Winning the first three games of the season gave Villa their best start since 1962 - how can you sum up the opening couple of weeks of the 2018/19 season for Steve Bruce’s men?
It’s been really pleasing for Villa. The performances haven’t been great, the fans know that and Steve Bruce knows that as he’s made a clear point that they haven’t performed well yet, and there is some serious room for improvement. At the same time, Villa have been in this situation before where they haven’t played well and haven’t picked up any points but they fact that they’ve won the first two games in the league and are through to the next round of the cup is very pleasing.

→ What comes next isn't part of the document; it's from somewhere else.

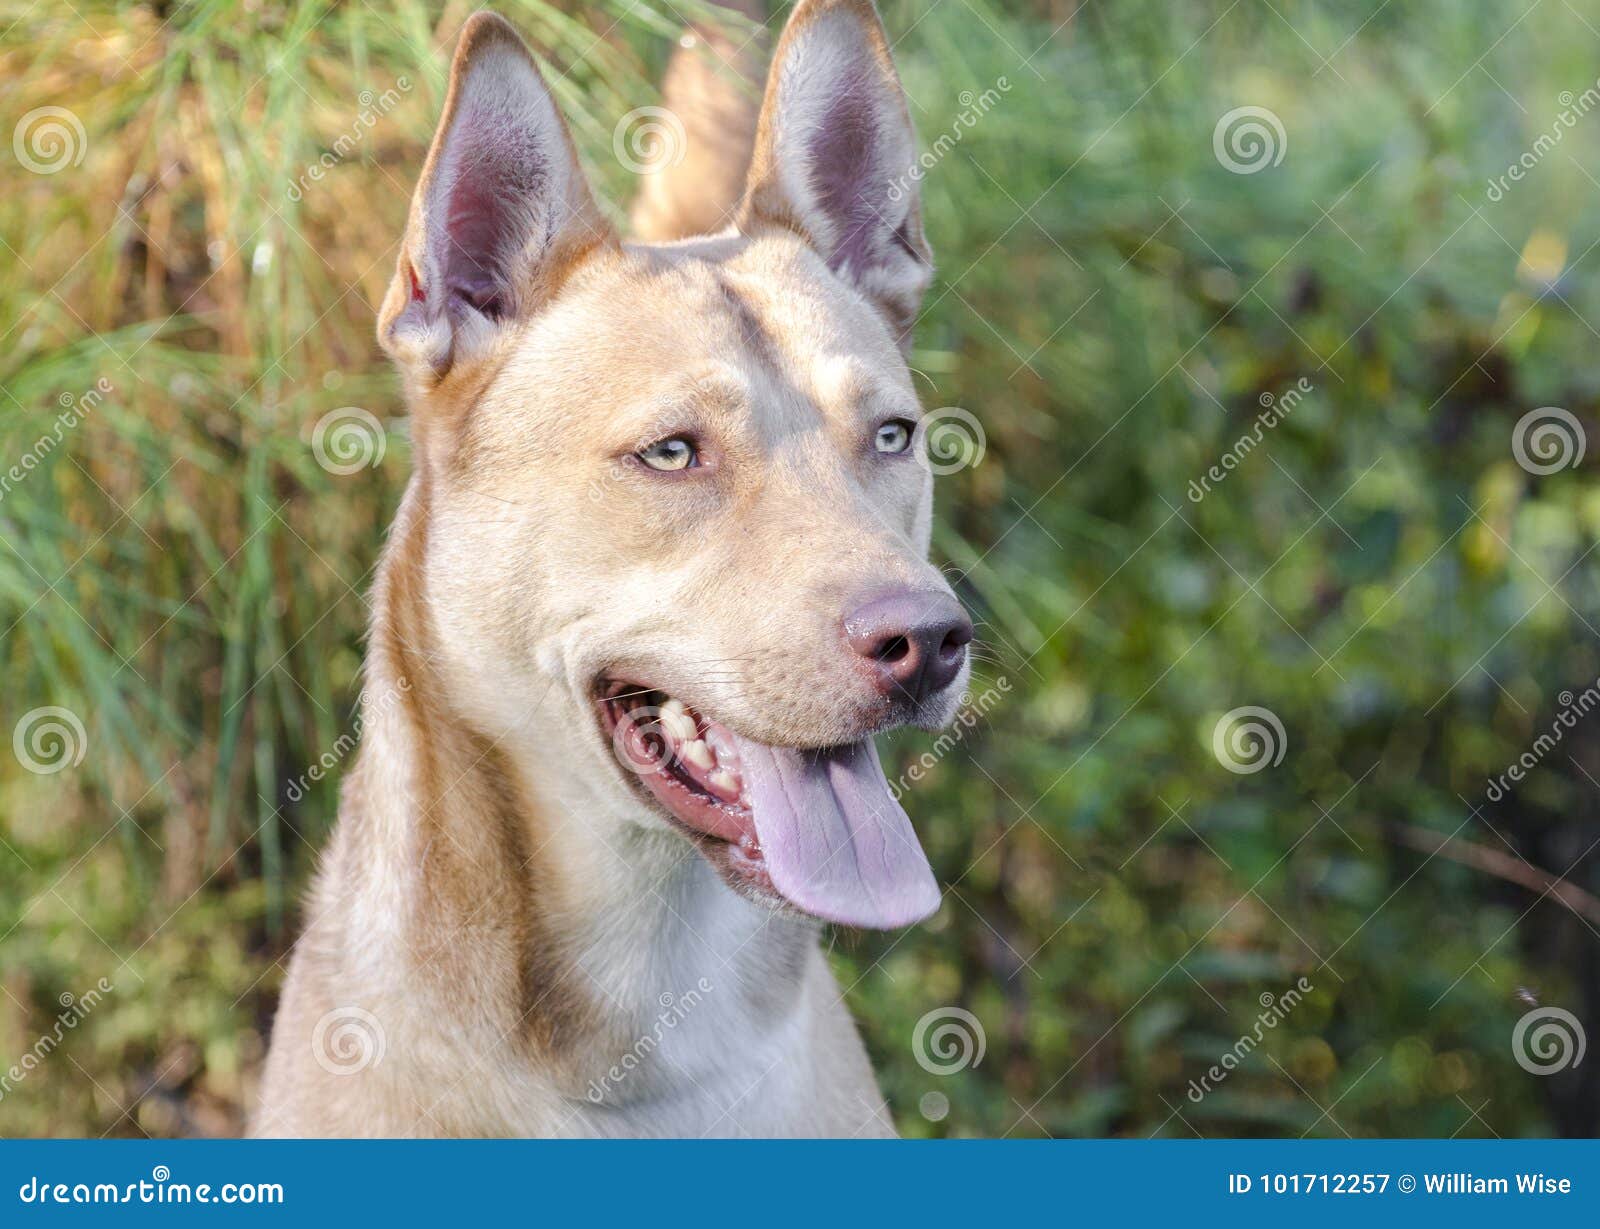 Pharaoh Hound Siberian Husky Mixed Breed Dog Stock Image ...

As we saw in 2016, they struggled at the start and they struggled at the start of last season as well in terms of results and they were always playing catch-up for the last two seasons. It’s very early days but they are already five points ahead of Stoke who are promotion favourites for example – that can only bode well for the future, I think.
Has that created a feeling of relief after the club’s turbulent summer in which they lost to Fulham in the play-off final and their ownership changed hands?
It really was a worrying and depressing summer. For people looking outside into it, they’ve have seen all the drama unfolding and, being even closer to it, I can say that it was as bad as people probably read and saw. The play-off final was disappointing in itself because you don’t go up when you are so close, there is going to be some sort of hangover from that anyway, but the fact that there were so many off-field problems as well just made it all so much worse.
The former majority owner Tony Xia had money problems all through last season and not getting back to the Premier League just compounded that. In May they were struggling to pay the tax bill and by June had come round, the manager thought he was going to have to sell his best players like Jack Grealish, Jonathan Kodjia and James Chester simply to pay the wages of the rest of the staff – it really was that bad and they just couldn’t get money into the club. By mid-July it got to the stage where the owner just knew the club was going to go into administration if he didn’t sell a proportion of his shares but luckily they managed to complete the takeover in about five days – Steve Bruce was quoted as saying, “You can’t sell your house in five days!” so to buy a football club in that time is pretty incredible.
The new owners have come in with big, bold ideas and clearly have a lot of money so their statement of intent was keeping hold of the key players. If they could have spent money they would have, but the problem is that Villa have got Financial Fair Play restrictions hanging over them. But their statement of intent shows that they are serious about the football club.
The Thierry Henry link seems to be a little bit of a grey area and Steve Bruce was unhappy to hear of the apparent links with the Arsenal legend. Link or not, he must’ve convinced the owners that any potential change would be unwarranted?
To be honest, I think they were quite convinced with him before that because they wanted the experienced head. There was some substance in the Thierry Henry link but the early wins this season will have enhanced his position as manager and I think given him more time.
How crucial was it that they staved on interest from Spurs to hold on top prize asset Jack Grealish in the closing days of the summer transfer window?
That was massive for a number of reasons. Jack Grealish is the Aston Villa poster boy and the player that all the fans love: a Villa fan and the best player. Him remaining at Villa Park immediately gave the fans a lift but it also gave Steve Bruce a lift because it has made him feel a little bit more secure in his job because keeping your best player is only going to enhance your team.
With Grealish in the team, they are going to win more games than without him. It was also good for the long-term future: If Villa are kicking around the promotion places come January then I imagine he’ll think of staying again and trying to help the club that he loves get back into the Premier League. I think they’ll have him for another season and then if they are back in the Premier League and lose him, which I don’t think they will, it is not the end of the world because they’ll be back in the top flight. Positives all round, really.
None of Villa’s strikers have netted as yet this term but who would you say is the most potent danger that Brentford should be wary of on Wednesday evening?
There is a new guy called John McGhinn who signed from Hibernian just before deadline day; we’ve only seen him for one game but the fans have immediately taken to him. He sits slightly deeper behind Grealish in midfield but looks very comfortable on the ball, has a lot of energy and a fierce delivery from what we’ve already seen. Steve Bruce has been tracking him for 12 months now and was desperate to get hold of him. The midfield has been a bit slow and labored in recent years and he’s just going to give them something a little bit different so he might be one to watch out for. He won’t score too many goals but he’ll certainly create a few.
How is Steve Bruce likely to set up his team for the Bees’ visit to the Midlands?
It’s likely to be a 4-4-1-1 formation with the following lineup: Nyland, Hutton, Chester, Tuanzebe, Taylor, Elmohamady, Whelan, McGinn, Green, Grealish, Kodjia.
Can I push you for a score prediction?
Oh it’s Brentford isn’t it - they always beat Villa! I will stick with 1-1 just to be safe because they seem to be Villa’s bogey team.